**Task details**
Output exactly, in the material below, the lines from the one with "Rank 3rd Best IAS Coaching in old Mumbai" through the one with "Leather skirt - Groggy by jbc - 0". Omit all pictures.

**Material provided**

※

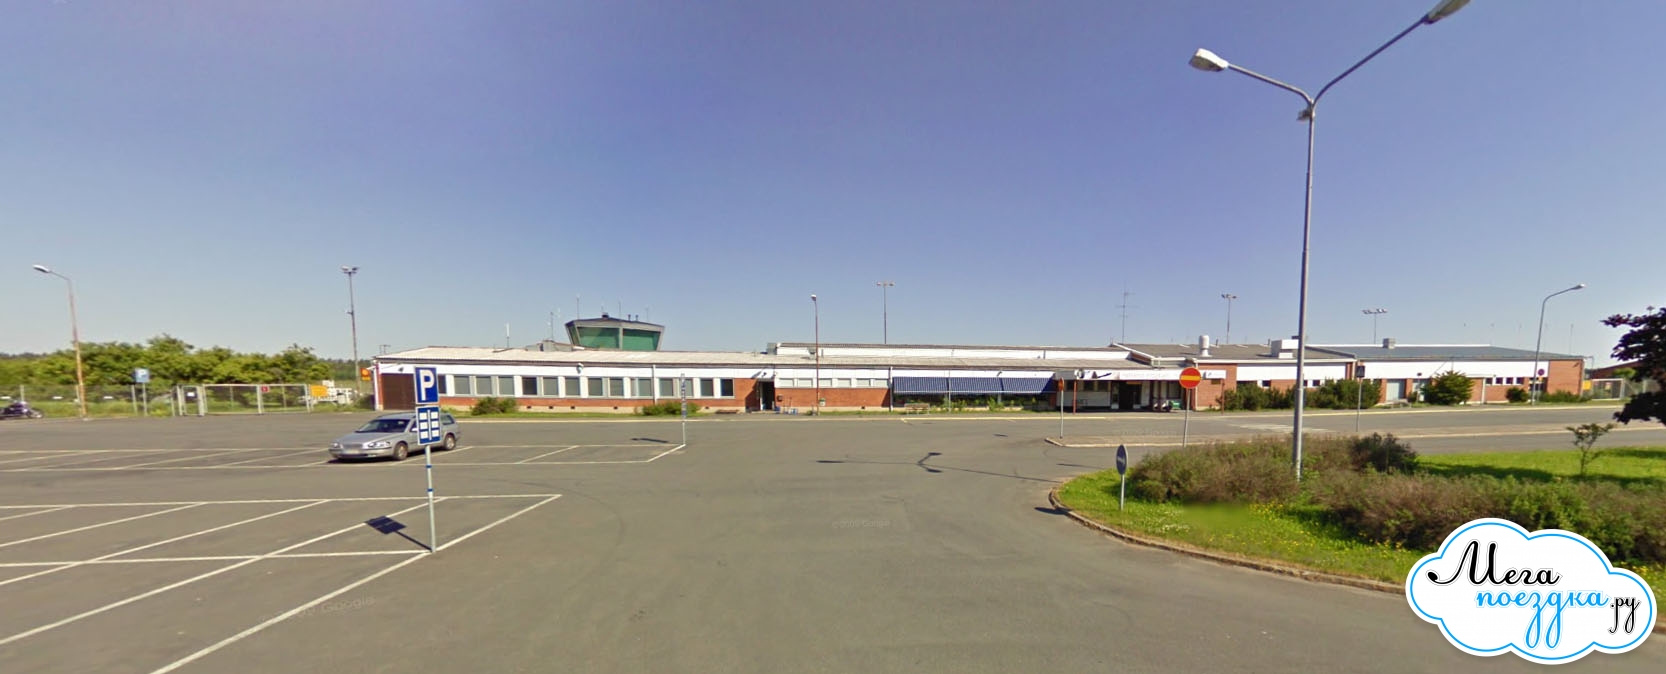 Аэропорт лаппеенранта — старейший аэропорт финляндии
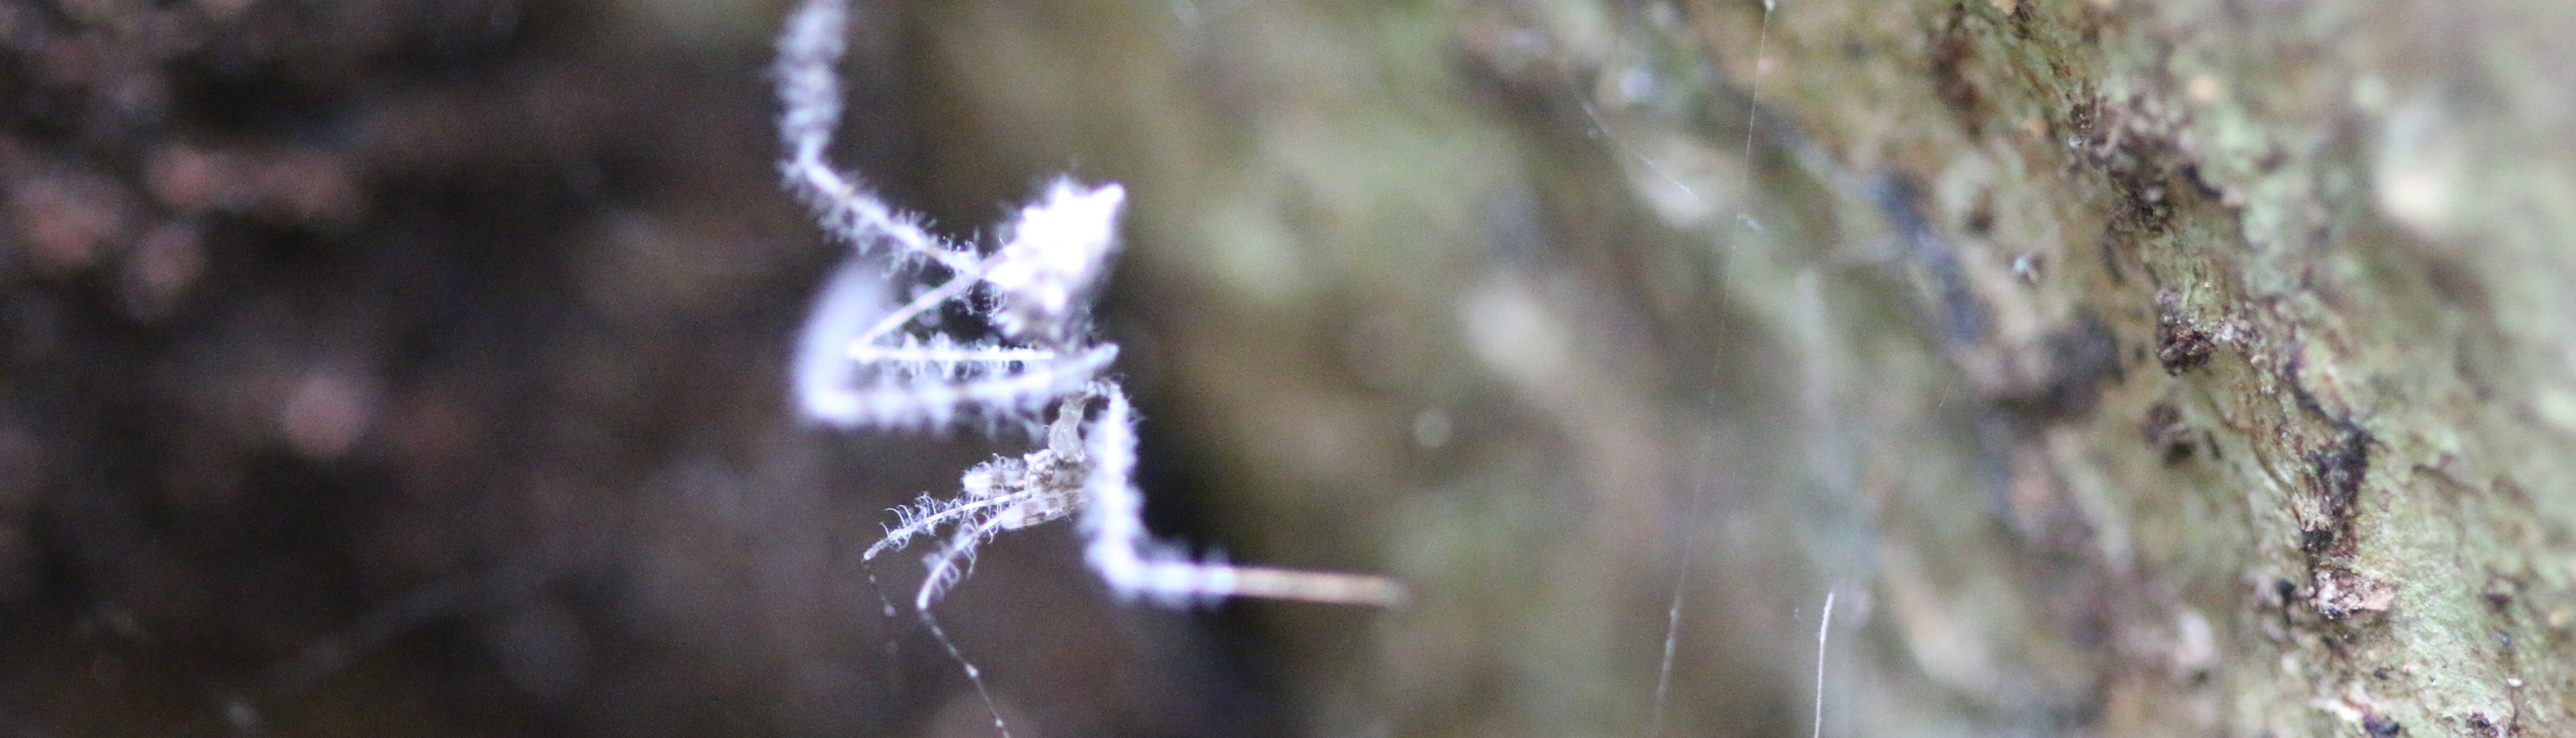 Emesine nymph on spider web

※

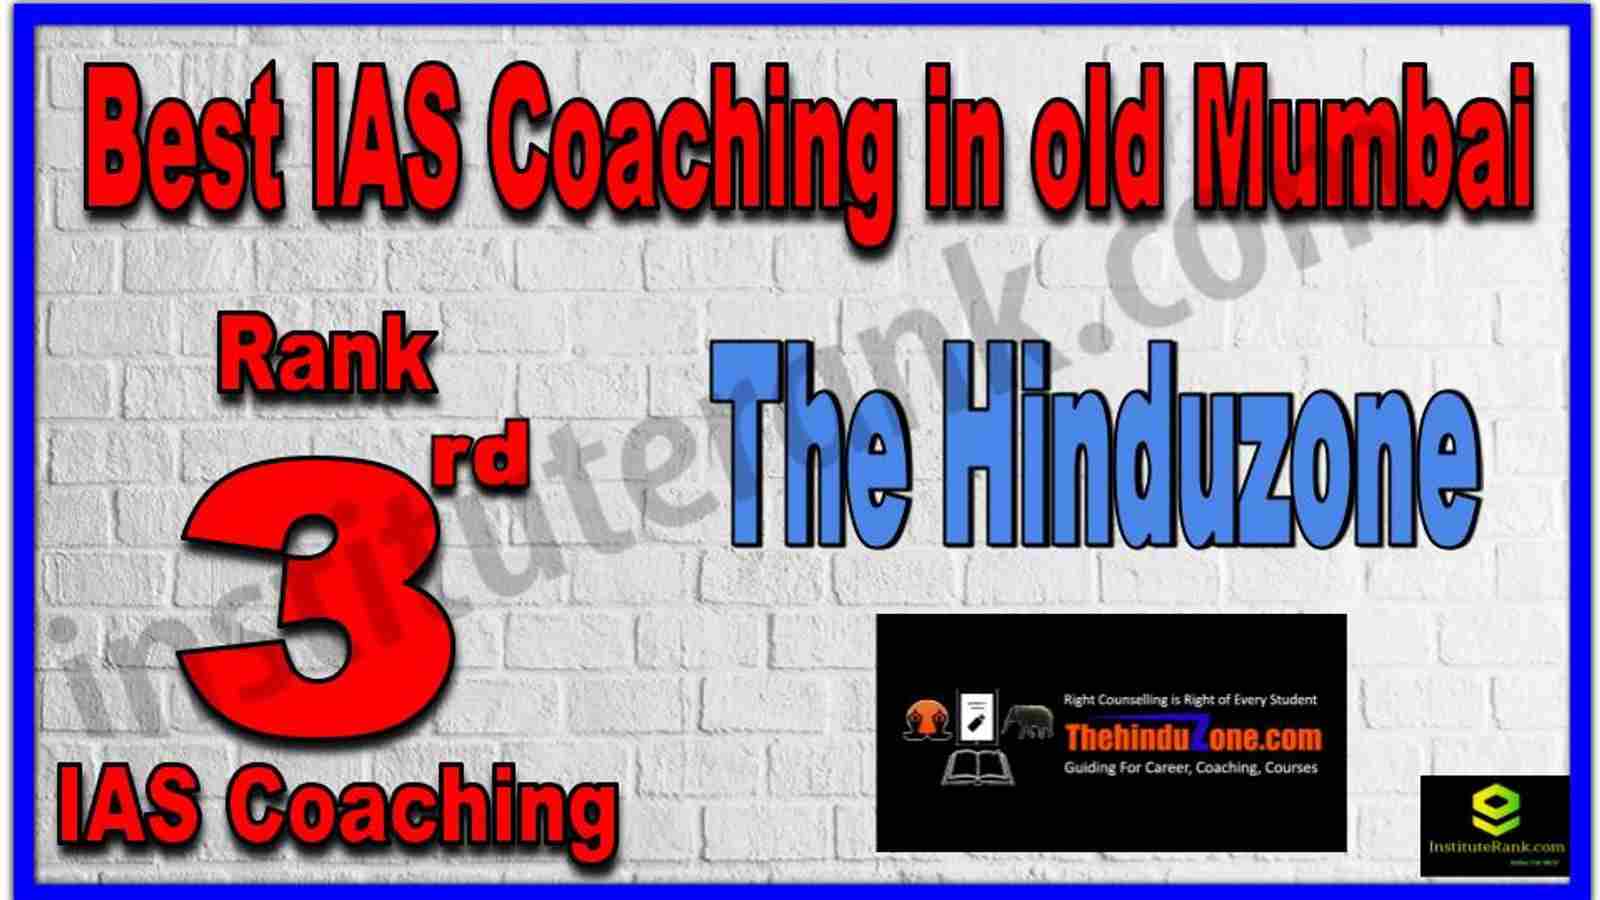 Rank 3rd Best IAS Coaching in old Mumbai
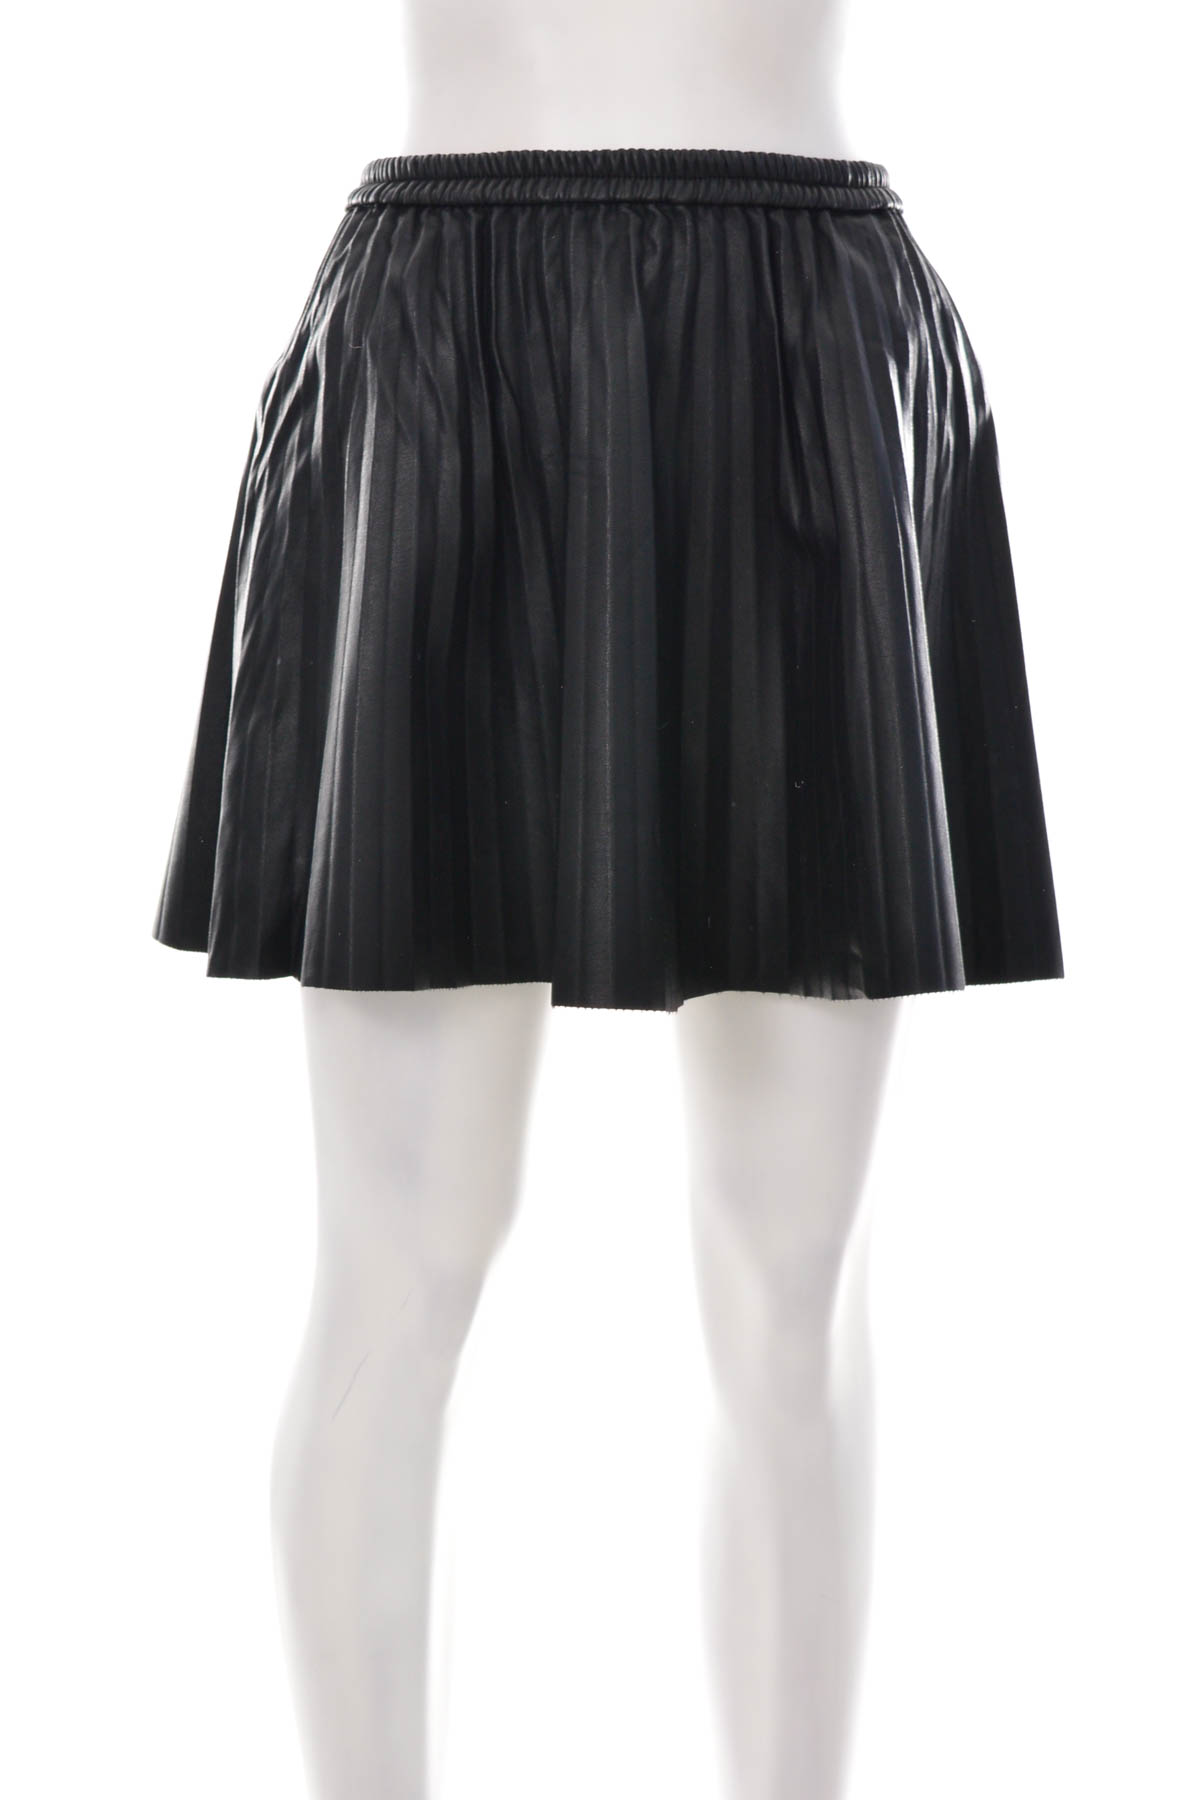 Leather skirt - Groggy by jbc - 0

※

**Exercise result**
 Rank 3rd Best IAS Coaching in old Mumbai
 Leather skirt - Groggy by jbc - 0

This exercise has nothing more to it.